This repository contains the Docker image and code required to convert the TCIA PSMA-PET-CT-Lesions dataset from DICOM format into NIfTI format, as used in the AutoPET III Grand Challenge. The script specifically creates the PSMA-PET/CT subset of the challenge dataset and organizes it following the nnUNet format.
Note: The TCIA PSMA-PET-CT-Lesions dataset currently contains a problematic study: 'PSMA_771c8dc6051db4d7/11-19-1998-NA-PETCT whole-body PSMA-82612'. The DICOM SEG in this study references a non-existent PET SOPInstanceUID. Please remove this study before conversion. This study will be fixed by TCIA soon.
- TCIA PSMA-PET/CT Dataset: 10.7937/R7EP-3X37
- NIfTI PSMA-PET/CT Dataset v1: 10.57754/FDAT.5bjzn-0vh28
- NIfTI PSMA-PET/CT Dataset v2: 10.57754/FDAT.gpeq5-yxy63
- Challenge Dataset: AutoPET III Dataset
After conversion, the dataset is structured in nnUnet format as follows:
nnUNet_dataset/
├── imagesTr/
│ ├── psma_patient1_study1_0000.nii.gz # CT image (resampled to PET space)
│ ├── psma_patient1_study1_0001.nii.gz # PET image (SUV units)
│ └── ...
└── labelsTr/
├── psma_patient1_study1.nii.gz # Manual tumor lesion segmentations
└── ...
The converter is packaged as a Docker image and expects:
<input-directory>mounted at/in(TCIA DICOM data)<output-directory>mounted at/out(generated NIfTI dataset)- Optional behavior is controlled via environment variables
-
Pull Docker Image
docker pull ghcr.io/clinicaldatascience/tcia-psma-pet-ct-preprocessing:latest
-
Run the Docker Container
docker run --rm -it \ -v <input-directory>:/in \ -v <output-directory>:/out \ -e CONVERT_FLAGS="--skip-existing" \ ghcr.io/clinicaldatascience/tcia-psma-pet-ct-preprocessing:latest
-
Pull Python Base Image
docker pull python:3.8.13
-
Build Docker Image
Clone this repository and run:
docker build -t <dockername> .
-
Run the Docker Container
docker run --rm -it \ -v <input-directory>:/in \ -v <output-directory>:/out \ -e CONVERT_FLAGS="--skip-existing" \ <dockername>
-e CONVERT_FLAGS="--skip-existing": Recommended to skip conversion if output files already exist.-e VALIDATE_FLAGS="--validate_hashes": Currently not recommended for use with TCIA dataset; only use if input DICOM data is original, i.e. not additionally fully de-faced by TCIA.

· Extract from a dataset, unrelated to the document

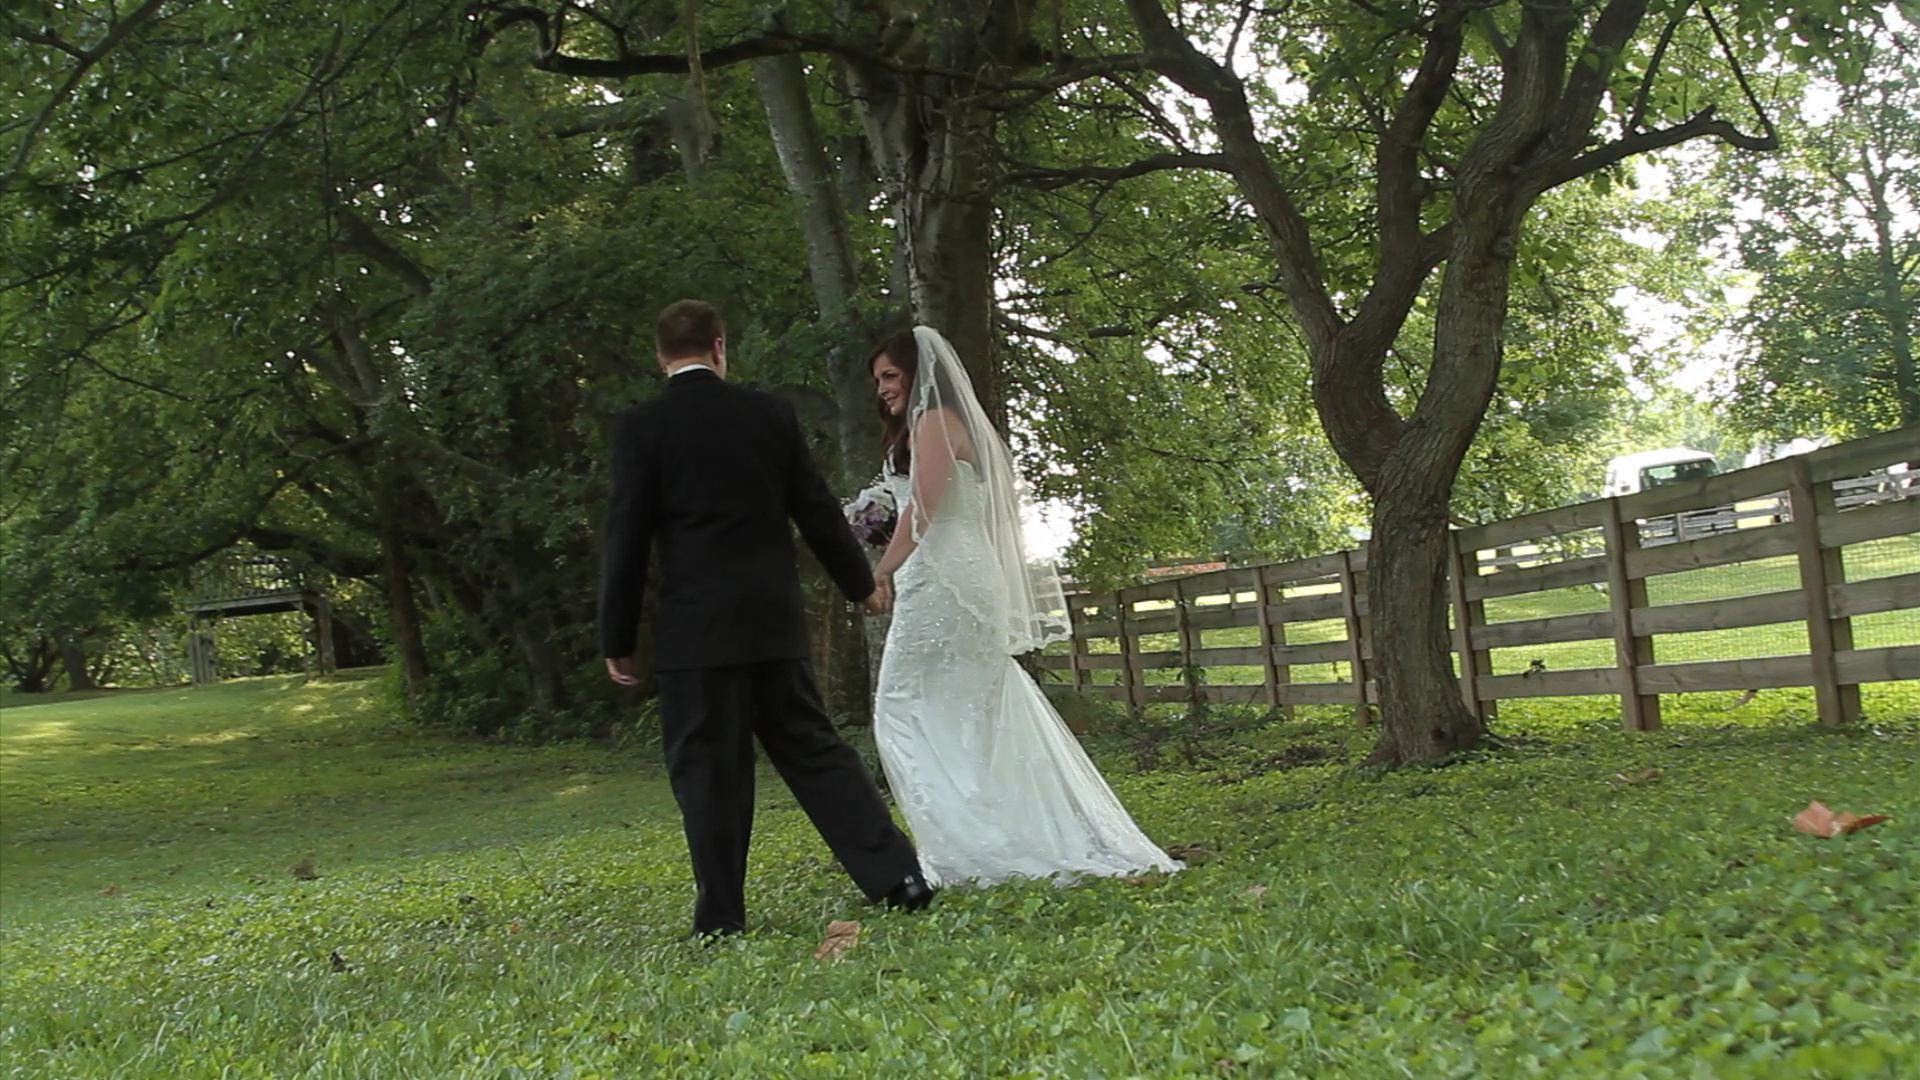 Maria and Chase's wedding reception video in Nashville, TN

- The PET images are converted into SUV units.
- The time differences between radiotracer administration and image acquisition for SUV conversion are provided in a JSON file. This is done to ensure reproducibility of SUV factors with the autoPET III challenge dataset. However, for general use, we recommend to calculate the time differences directly from the appropriate DICOM tags.
- The CT images are resampled to match PET resolution and spacing.

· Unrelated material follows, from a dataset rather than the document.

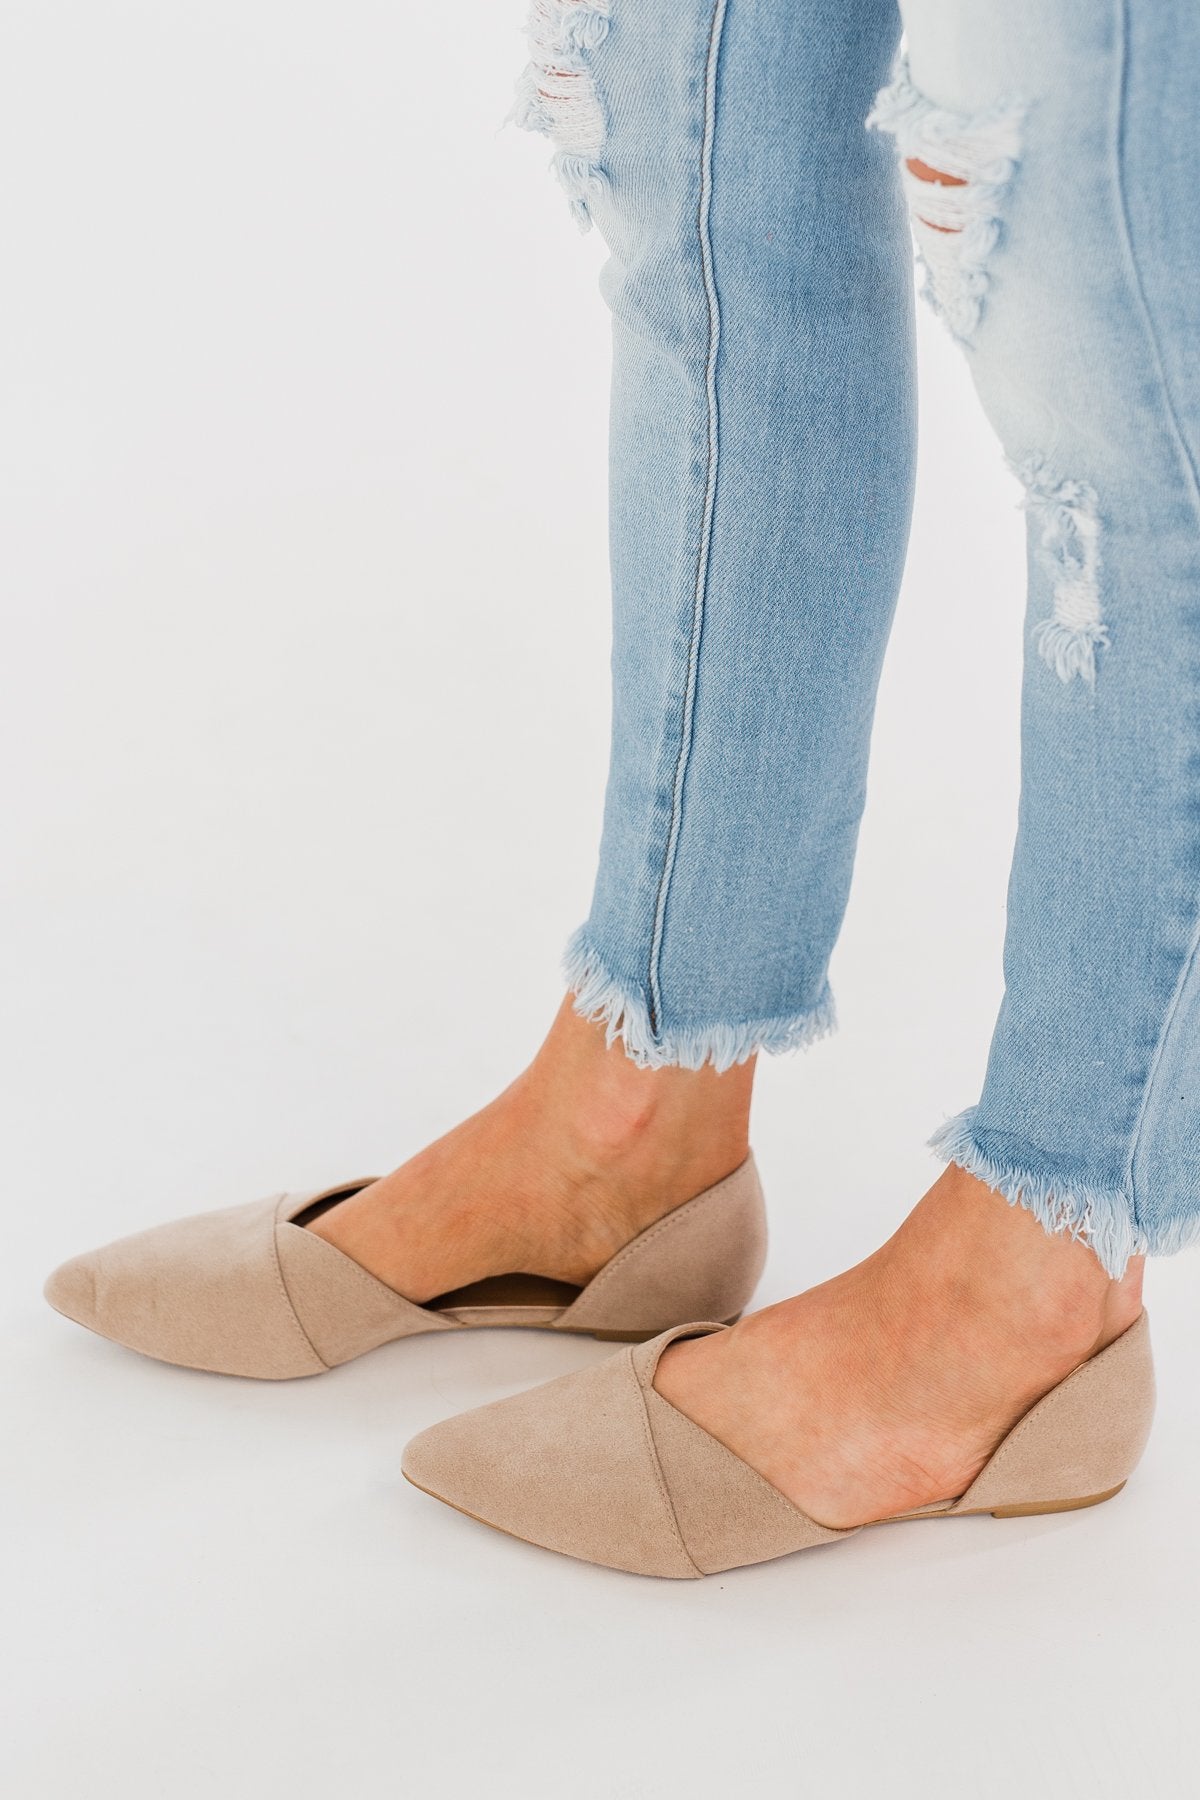 Qupid Zoom Flats- Taupe Suede

- Annotations correspond to manual segmentations of tumor lesions.
- The resulting dataset is directly compatible with nnUNet and the AutoPET III challenge pipeline.
- The resulting dataset only contains the PSMA-PET/CT subset of the AutoPET III challenge dataset. Links for the FDG-PET/CT subset are provided in the Related Data and Tools section below.
- If the TCIA DICOM dataset is used as source, the NIfTI files produced by this code will not be identical to the official challenge data, as the TCIA source DICOM files are fully de-faced, while the challenge dataset is not.
-
FDG-PET/CT Dataset: FDG-PET-CT-Lesions
-
FDG Conversion Codebase: lab-midas/TCIA_processing
This repository and associated scripts are released under the MIT License.